We want more control.

Merrill Lynch’s survey also found that trust is a big issue for millennials investing. In fact, 72% of the 153 young Americans surveyed stated that they are “self-directed in their investing.” We’d rather be the ones making the decisions than having an adviser we don’t trust working with our cash. We want to invest with people or resources we personally trust rather than just any certified professional.

We’re more conservative (when it comes to investing).

Millennials, in terms of money, have been compared to post-Great Depression era. We not only watched what happened to our parents in the early 2000’s due to the stock market crash and recession, many of us experienced it ourselves after college. Jobs were harder to come by, and therefore, our focus has shifted. We are just as concerned about our parents and their future as  they are with us. UBS Investment Bank’s 2014 survey confirms this notion. We do our research and are much less willing to take high risks with our money. Although high risk investments do often yield high returns, we are typically holding more than half of our assets in cash, according to the research.
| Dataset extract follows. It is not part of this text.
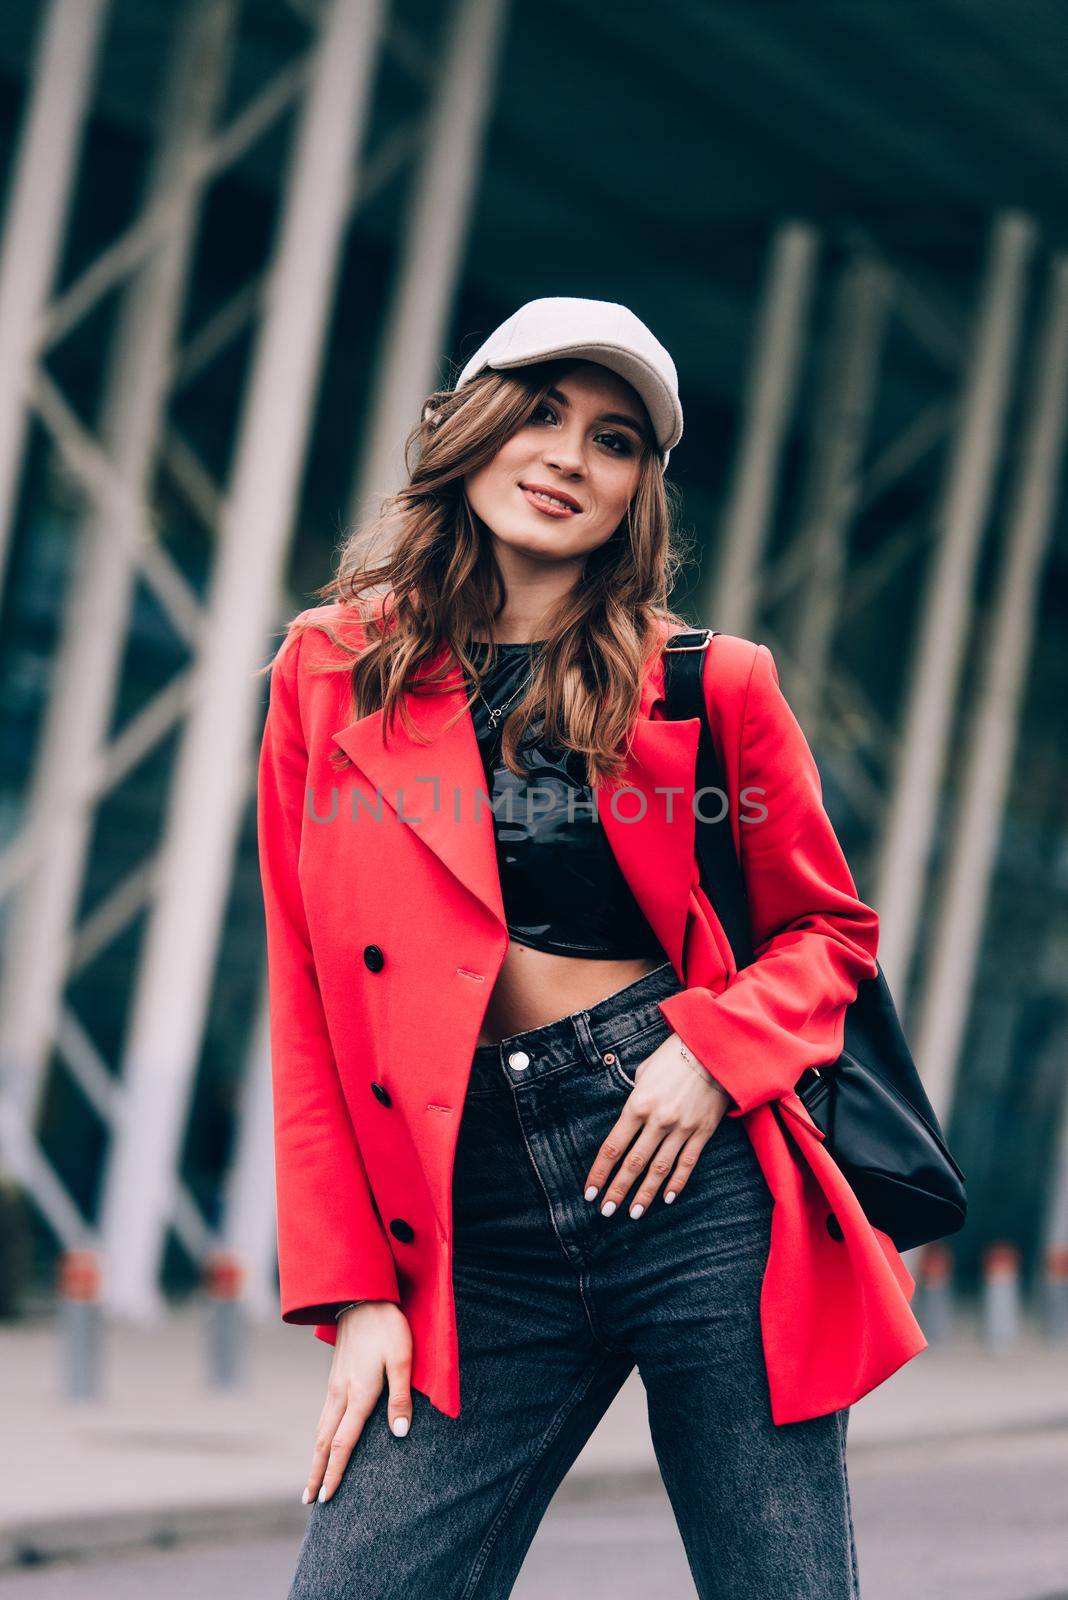 glamour woman in trendy outfit posing against the building urban background, fashion look. Outdoor fashion portrait of stylish young woman by Ashtray25
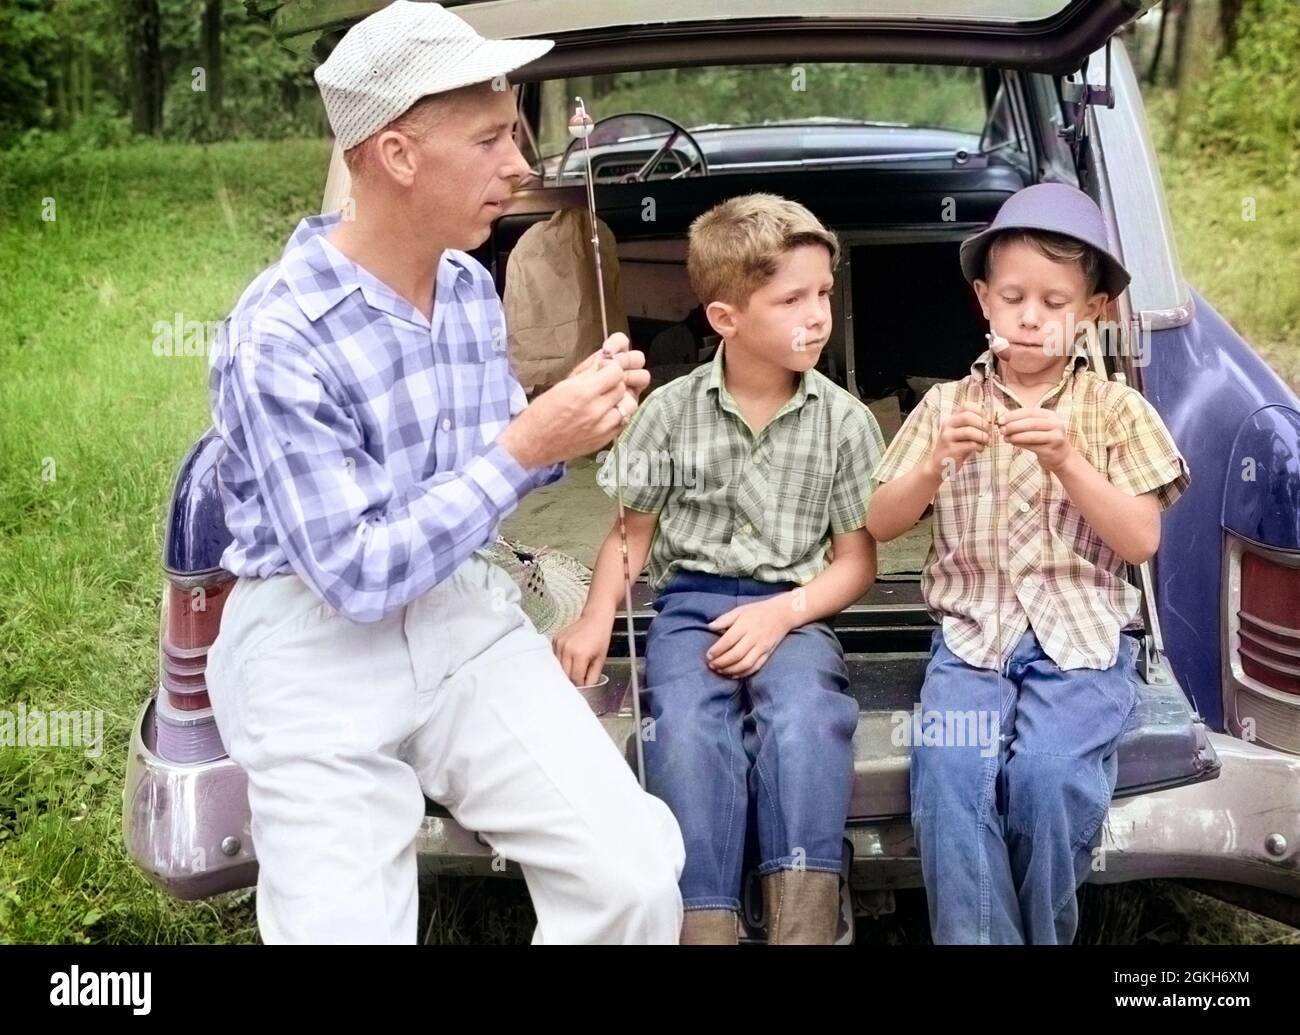 https://c8.alamy.com/comp/2GKH6XM/1950s-1960s-father-two-young-sons-with-fishing-rods-by-car-outdoor-a2309c-lan001-hars-brother-old-fashion-auto-1-juvenile-pole-vehicle-vacation-sons-lifestyle-parenting-brothers-relation-fisherman-nature-transport-half-length-persons-automobile-males-siblings-tackle-transportation-fathers-angler-bw-paternal-single-parent-parent-and-child-poles-time-off-single-parents-parents-and-children-fatherhood-fishing-pole-fishing-tackle-adventure-hobby-trip-getaway-bonding-dads-recreation-father-and-child-father-and-son-holidays-motoring-recreation-fishing-relationships-sibling-angling-fishing-rod-2GKH6XM.jpg

Surprisingly, the results of these surveys show that it is more about being careful and not as much about student debt. We are still feeling the effects of the financial crisis, and this generation needs more education on the topic in order to confidently create a diversified financial portfolio. Millennials tend to have more short-term investments instead of long-term, and we also tend to care more about life experiences than substantial wealth.

The good news is that there are more online tools and resources to help educate and guide millennials on investing. WiseBanyan and Acorns are just a couple of examples of investing sites to get a beginner started. Additionally, if nothing else, young Americans should at least focus on a retirement account as their form of investing, whether it be a workplace 401(k) plan or a Roth IRA.

Knowing the importance of investing is the first step in this process, and it’s one that we need to know we can truly benefit from with the right tools and knowledge.

Are you a millennial who invests? What routes do you take?